Tuesday 18 June 2013

FILL THE VOID - Review By Greg Klymkiw - The rich, vibrant backdrop of Tel Aviv's strict Orthodox Hasidic Haredi community yields the first great movie love story of the new millennium and a bona fide contemporary masterpiece. In release via Mongrel Media, this is a movie that's NOT TO BE MISSED. See it in a movie theatre on a big screen. In terms of its canvas, the film's humanity deserves to be experienced in the temple that is, the cinema.


Fill The Void (2012) *****
Dir. Rama Burshtein
Starring: Hadas Yaron, Yiftach Klein, Irit Sheleg, Chaim Sharir, Razia Israely, Hila Feldman, Renana Raz

Review By Greg Klymkiw

In a time when selfish personal needs are placed above those of tradition, culture and the preservation of the nuclear family unit, it's a genuine blessing to see a motion picture like Fill The Void which focuses so deeply and intensely upon a modern community steadfastly adhering to an ages-old way of life. That the film is one of the most beautifully written and delicately directed love stories in at least a decade - probably longer - is a testament to the great poetic qualities of filmmaker Rama Burshtein.

Like all great films, its surface is relatively simple, but as such, yields complexities and layers that augment this already enriching family drama. Shira (Hadas Yaron) is 18 years old and her family, members of the strict Orthodox Haredi community, has endeavoured to put together a perfect match for her husband-to-be and when she catches a glimpse of the bright, handsome young man selected to be her eventual life partner, she's thrilled beyond belief.

To add to her joy, it is Purim and her father, the venerable Rabbi Aharon (Chaim Sharir) is granting audience with family, friends and community in his patriarchal domicile - paying tribute by requesting their greatest needs and the good Rabbi granting them the practical means of attaining it. Shira's gorgeously radiant sister Esther (Renana Raz) is pregnant and her handsome, kind-hearted husband Yochay (Yiftach Klein) are in attendance for the festivities. Their undying love for each other is movingly and privately reaffirmed within the crowded family home.


The only spanner in the works appears to be the unmarried Frieda (Hila Feldman) who loves the family dearly, but also harbours jealousy and resentment that she is still without a match and terrified she will become an old maid. This, however, is not enough to spoil this time of celebration, prayer and song. Happiness abounds.

Sadly, into this bliss, tragedy of the most unexpected and devastating kind strikes. The family is faced with an emptiness and sorrow that is exacerbated by the conundrum of what to do about all the marriage plans in the works that have been seriously thrown out of whack by the calamitous events that have befallen them. And it is young, hopeful Shira who is faced with the greatest challenge of all - to maintain family purity, lineage and the very ties that bind - all of which are potentially convenient for everyone but herself and most of all, with the very real possibility that all her hopes and dreams will be forever altered, if not completely shattered.

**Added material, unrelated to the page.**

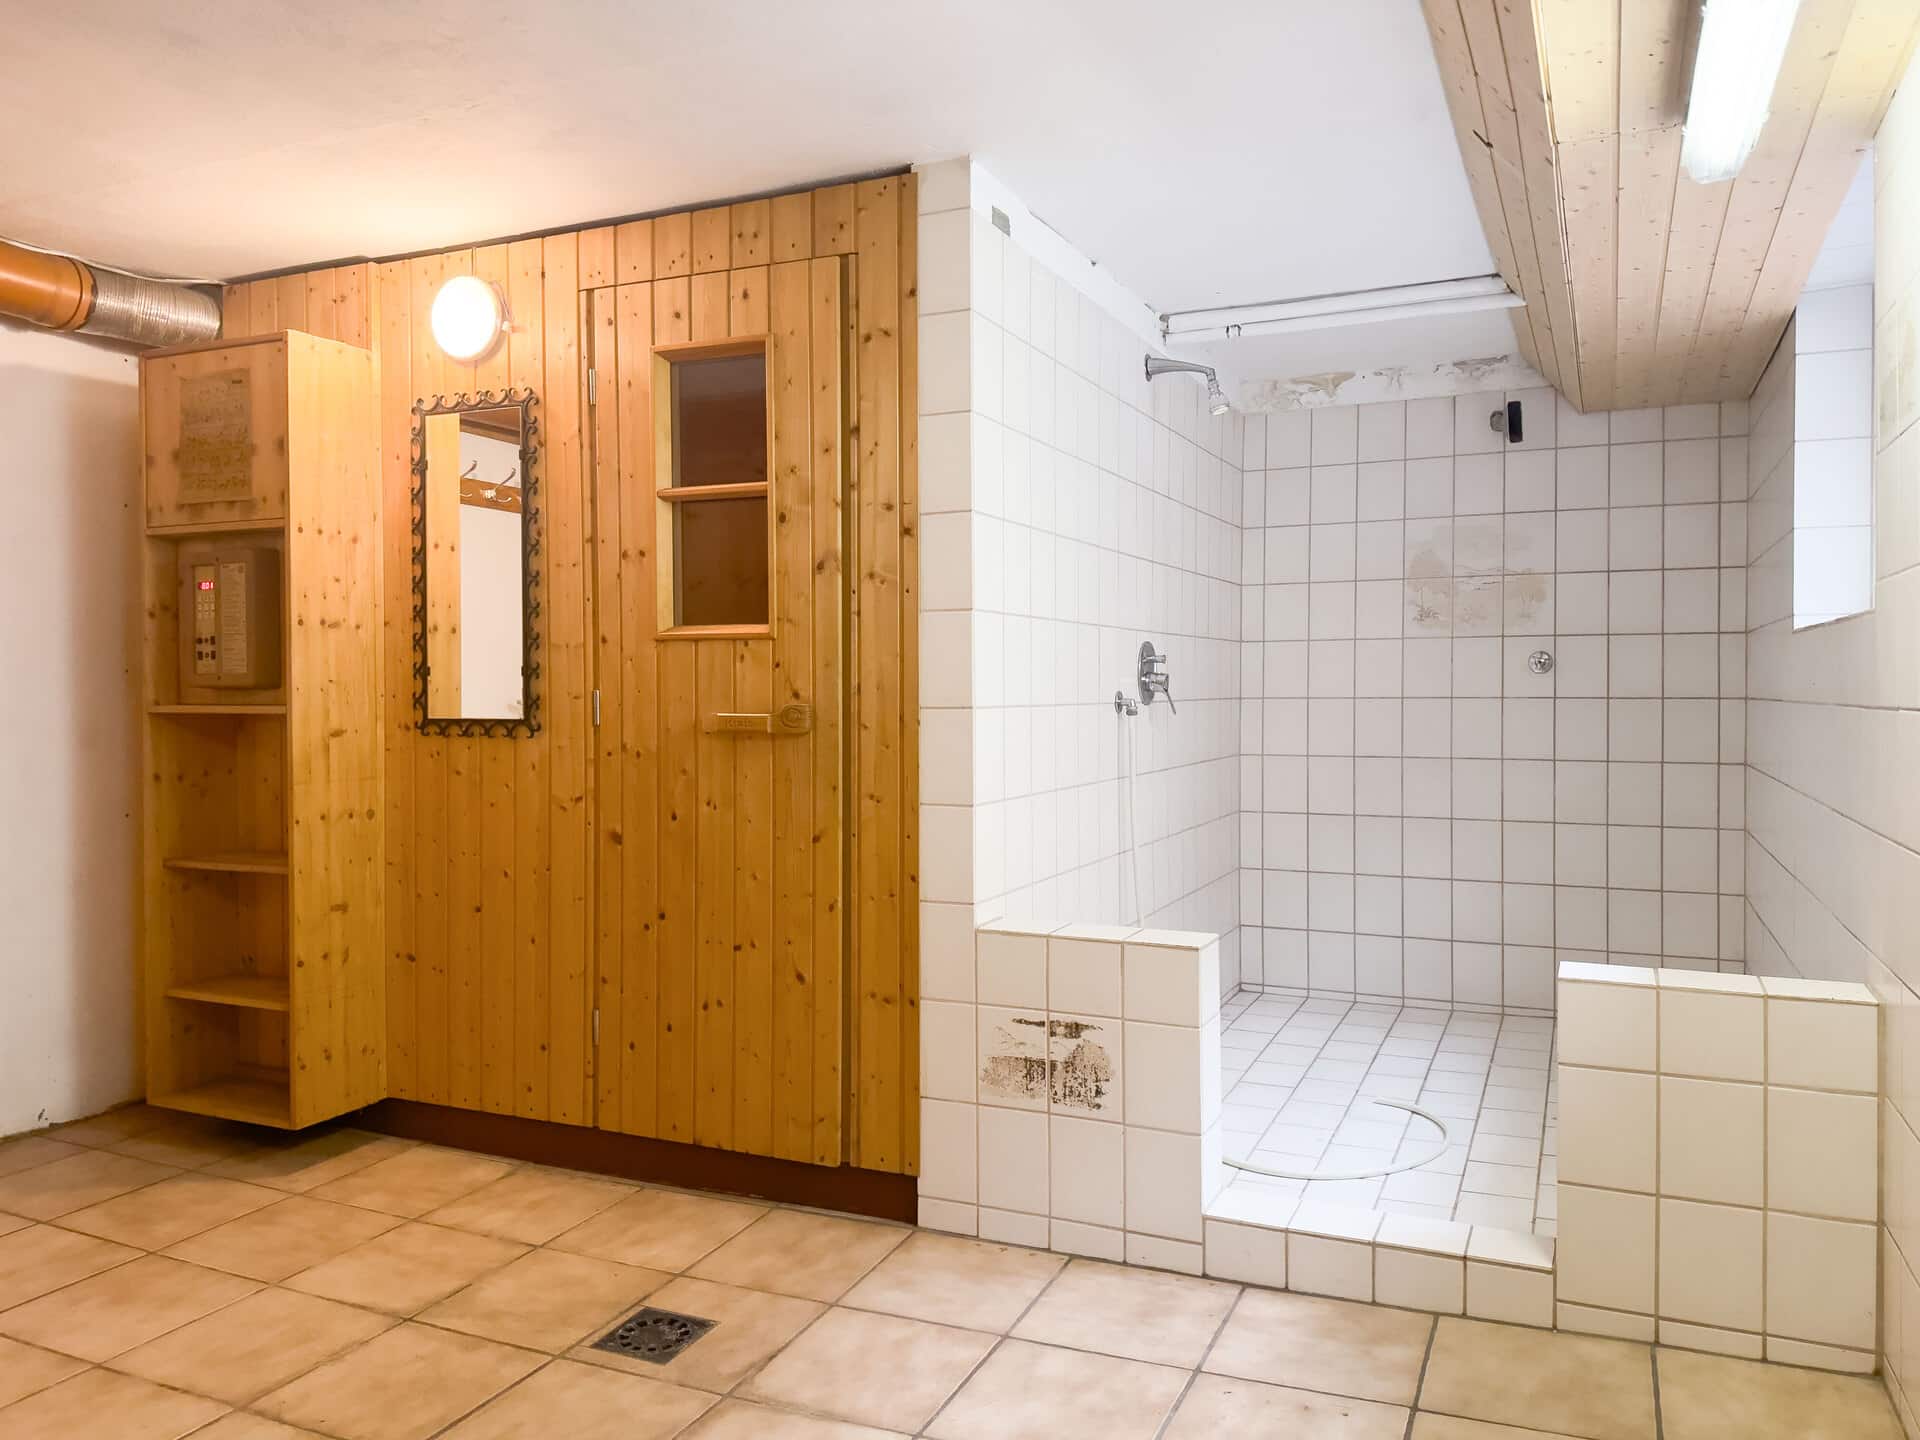 Ihr neues Zuhause? Großzügiges freistehendes Wohnhaus auf großem Grundstück in Ettlingen - Sauna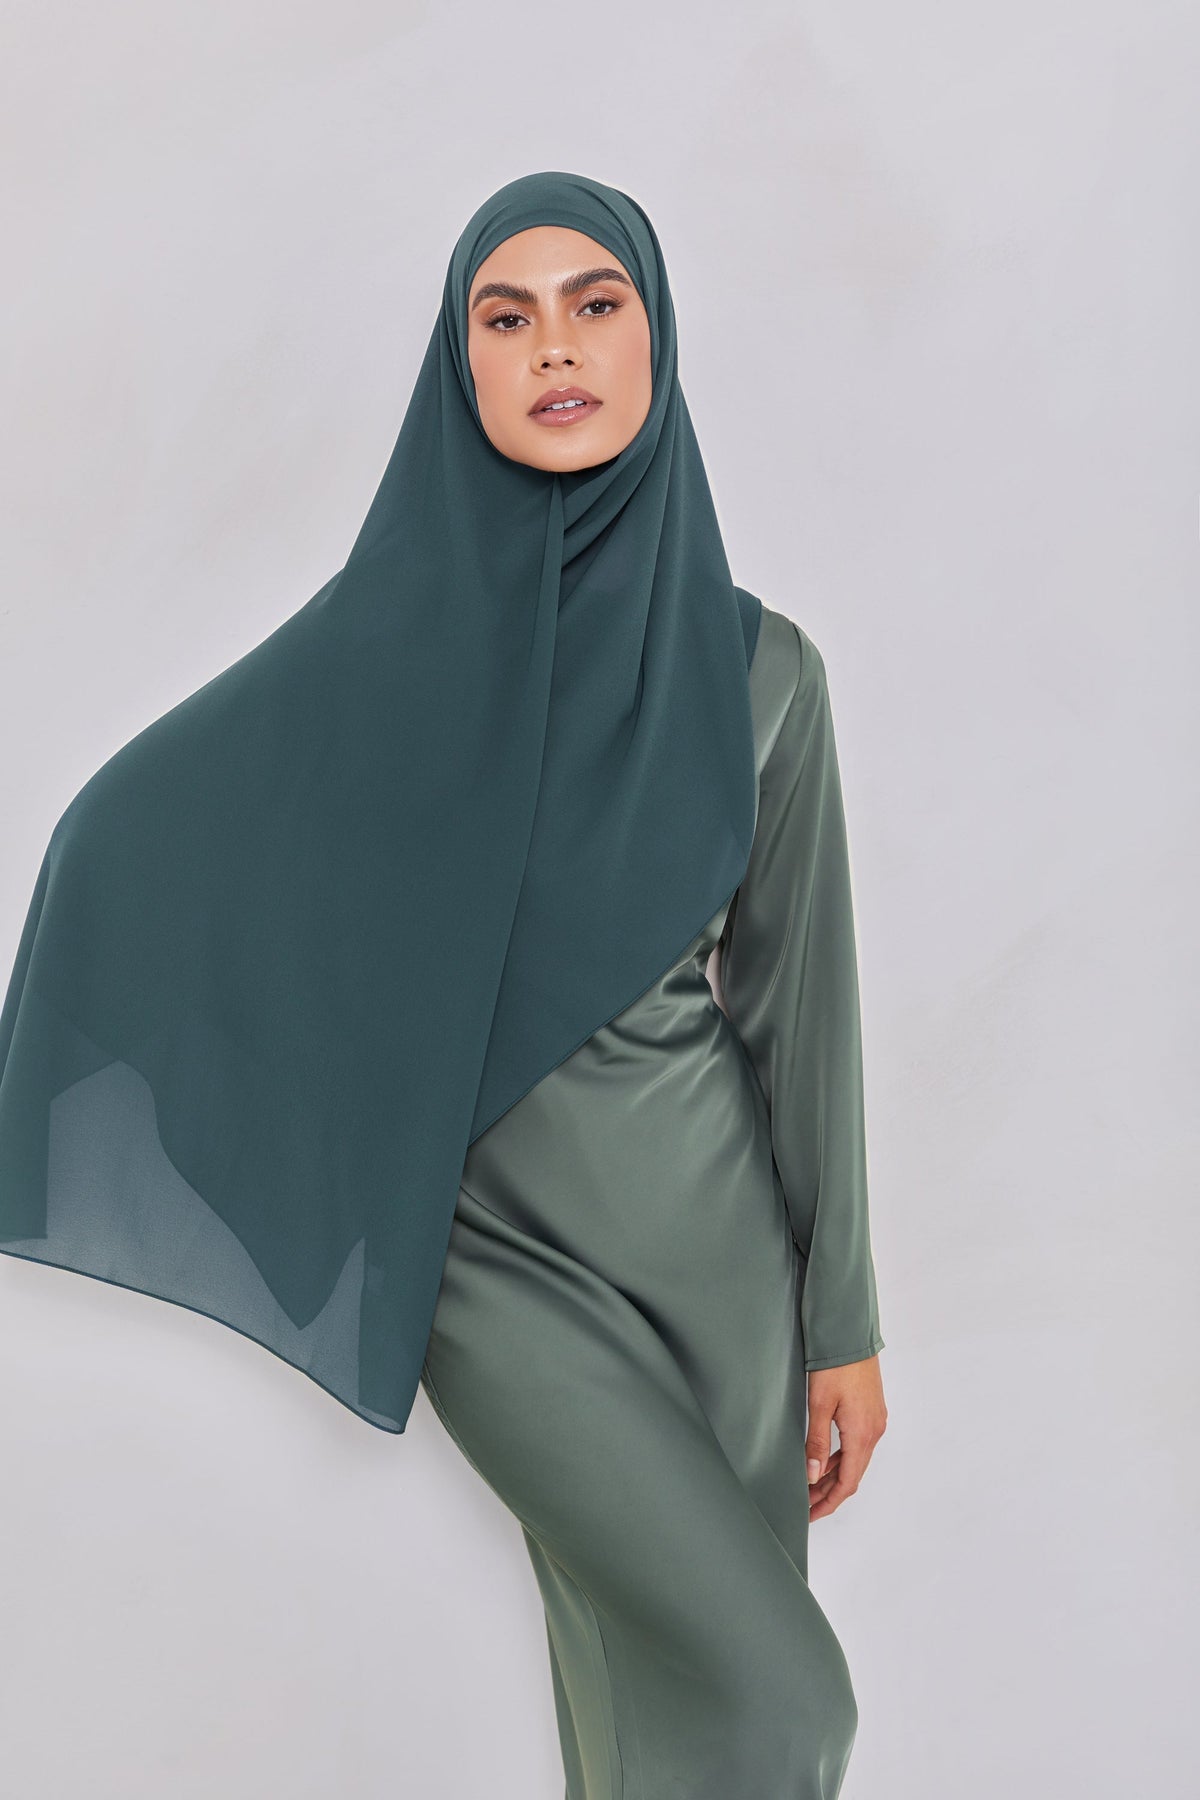 Essential Chiffon Hijab - Teal Scarves & Shawls epschoolboard

Fill The Void becomes one of the most universal and moving of all love stories - rooted as it is in the notion of a greater good - sacrifice.


Burshtein's screenplay is both literate and passionate. She's provided herself with a first-rate template to direct a film of great power. Like the conservative community she trains her lens upon, she forces herself to stay within their world as closely as possible with mostly interior scenes, often in closeup and with a look that is warm, sumptuous, gorgeously composed and lit - all reflective of an insular world that beats on in spite of an outside secular and modern world. Her pacing is meticulous in its fluidity or rather, she seems in such complete control of the slow, deliberate nature of how life unfolds that we never feel like she's self-indulgently plodding along to maintain "reality", but instead creates a slow, delicate series of ebbs and flows that build to a crescendo of passion and emotion.

It is one of the few contemporary pieces of cinema that soars in ways the medium, at its core, has the potential to do when its exploited artistically in ways it seldom is - a medium that is more often squandered instead of being nurtured and valued for the great gifts it can bestow upon mankind.

Burshtein has created what might be one of our few modern masterpieces. Not a frame seems out of place, not a line of dialogue seems false, not a single performance achieves less than the miraculous.


Fill The Void does indeed fill a void. It's a movie we desperately need in these times - a film that explores both the pitfalls and joys of tradition, but at the same time, exposing how tradition can indeed be a beautiful part of existence when it is mediated and tempered by those, like the character of Shira, who allow the indomitability of her intellect, reason and spirit to seek what is ultimately her own happiness and fulfilment - one that is as inclusive of herself as it is of those around her.

Given that this is a film about a community in which marriage is the highest and holiest aspiration for women, Burshtein might have actually crafted one of the most feminist films in recent movie history. At its most basic level, though, it's a film so full of joy, sadness, humour and romance, that it puts most films about love, family and tradition to shame.

A masterpiece? I'd say so.

"Fill The Void" is in theatrical release via Mongrel Media.